The Points of Light certificate was presented to Nigel Meyrick at the Cheshire Military Museum in Chester by Leader of Cheshire West & Chester Council, Samantha Dixon.

Councillor Samantha Dixon, Leader of Cheshire West and Chester Council, said:  “Nigel Meyrick’s commitment and dedication to telling the story of WWI in Cheshire is inspirational and I am delighted he has been recognised by this prestigious national award. As a result of his unstinting efforts, people across the county now have a greater appreciation of the poignant human stories behind the Great War.

In a personal letter to Nigel, Prime Minister Theresa May said:

“The success of the exhibitions you have curated at ‘West Cheshire Museums’ is a testament to your historical expertise and remarkable dedication to sharing important local heritage with your community. In the centenary year of the Armistice, your archival work and public outreach has been truly invaluable in ensuring remembrance of the First World War continues for future generations.”

Nigel Meyrick said: "I only became interested in the First World War after researching my wife's great grandfather about 15 years ago. He was a Gunner with the 106th Siege Battery, Royal Garrison Artillery. He went to France in 1916 but sadly died of his wounds in 1917 at the Battle of Passendaele and is buried in Belgium in Dozinghem Military Cemetery. I owe everything to Reginald Peers, as without the birth of his only son, my wife and children would not be here. After researching Reginald, I wanted to help other people look for their lost relatives from the First World War.

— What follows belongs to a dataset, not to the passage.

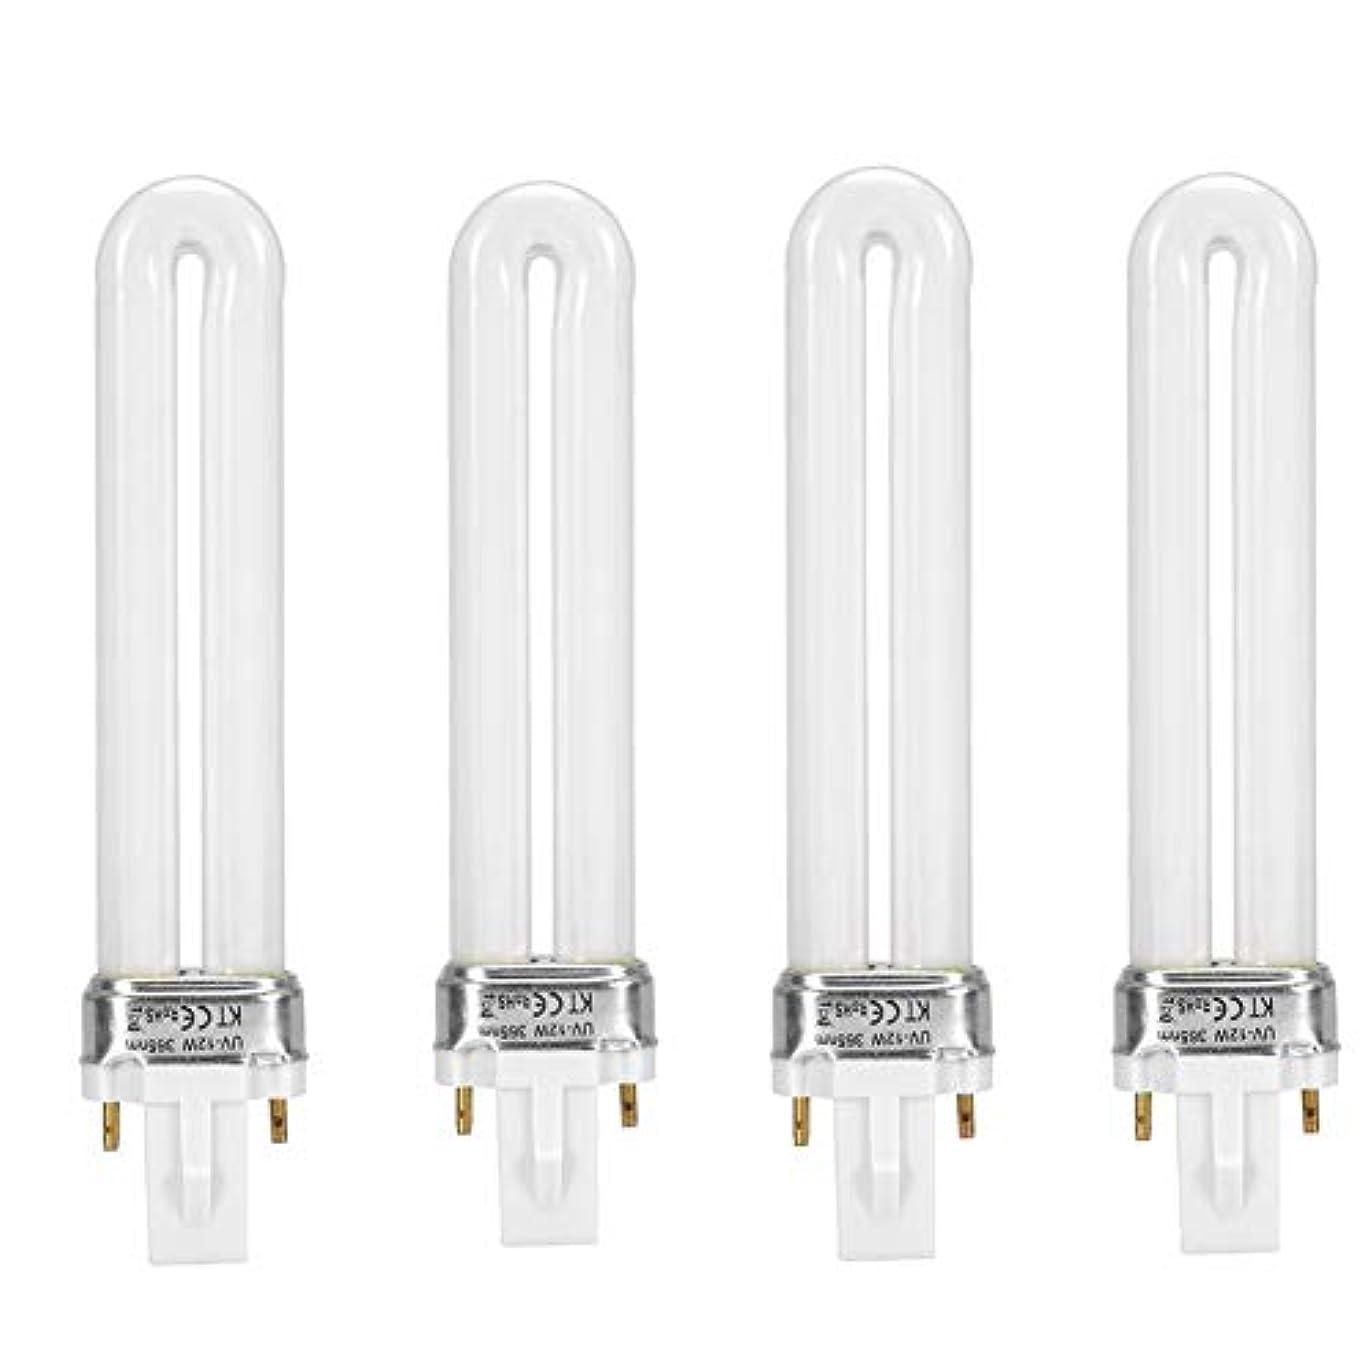 政策役に立つ認めるUVライト 交換用電球 UVランプ 4本セット

"Over the last four years my First World War work has involved me working with various Cheshire towns and villages, helping organise roadshows, extensive research and putting together exhibitions, much of which I have constructed with friends and family, such as the mock up of a First World War trench for the Lion Salt Works 'From Salt to the Somme', and at present 'Letters Home'.”

“During the last two years I have also visited local schools with another volunteer, Colin Mann, to bring the soldiers’ stories to life. It is time-consuming work as I also have a full-time job as an electrical project engineer, but it immensely rewarding when you see people connecting to their past and taking pride in the history of their area. My work has also unearthed artefacts that might never have come to light and these have now been recorded for future generations. The award is a huge honour and I am delighted to receive this recognition for my work."

Nigel is the 1045th winner of the Points of Light award, which has been developed in partnership with the hugely successful Points of Light programme in the USA. Over 6,000 Points of Light have been awarded in the USA, and former Presidents have publicly supported the partnership with Points of Light UK. There is a similar cross-party approach to the UK programme and MPs from different parties often present their constituents with their Points of Light awards.

Regardless of whether it is a doctor restoring local monuments in her free time, a father teaching young people life skills, or a local musician giving a voice to lonely people, the Points of Light award honours shining examples of volunteering across the UK.

Photo caption:  Nigel Meyrick receiving his ‘Points of Light’ certificate at the Cheshire Military Museum from Leader of Cheshire West and Chester Council, Samantha Dixon. They are pictured by the reconstruction of a WWI trench.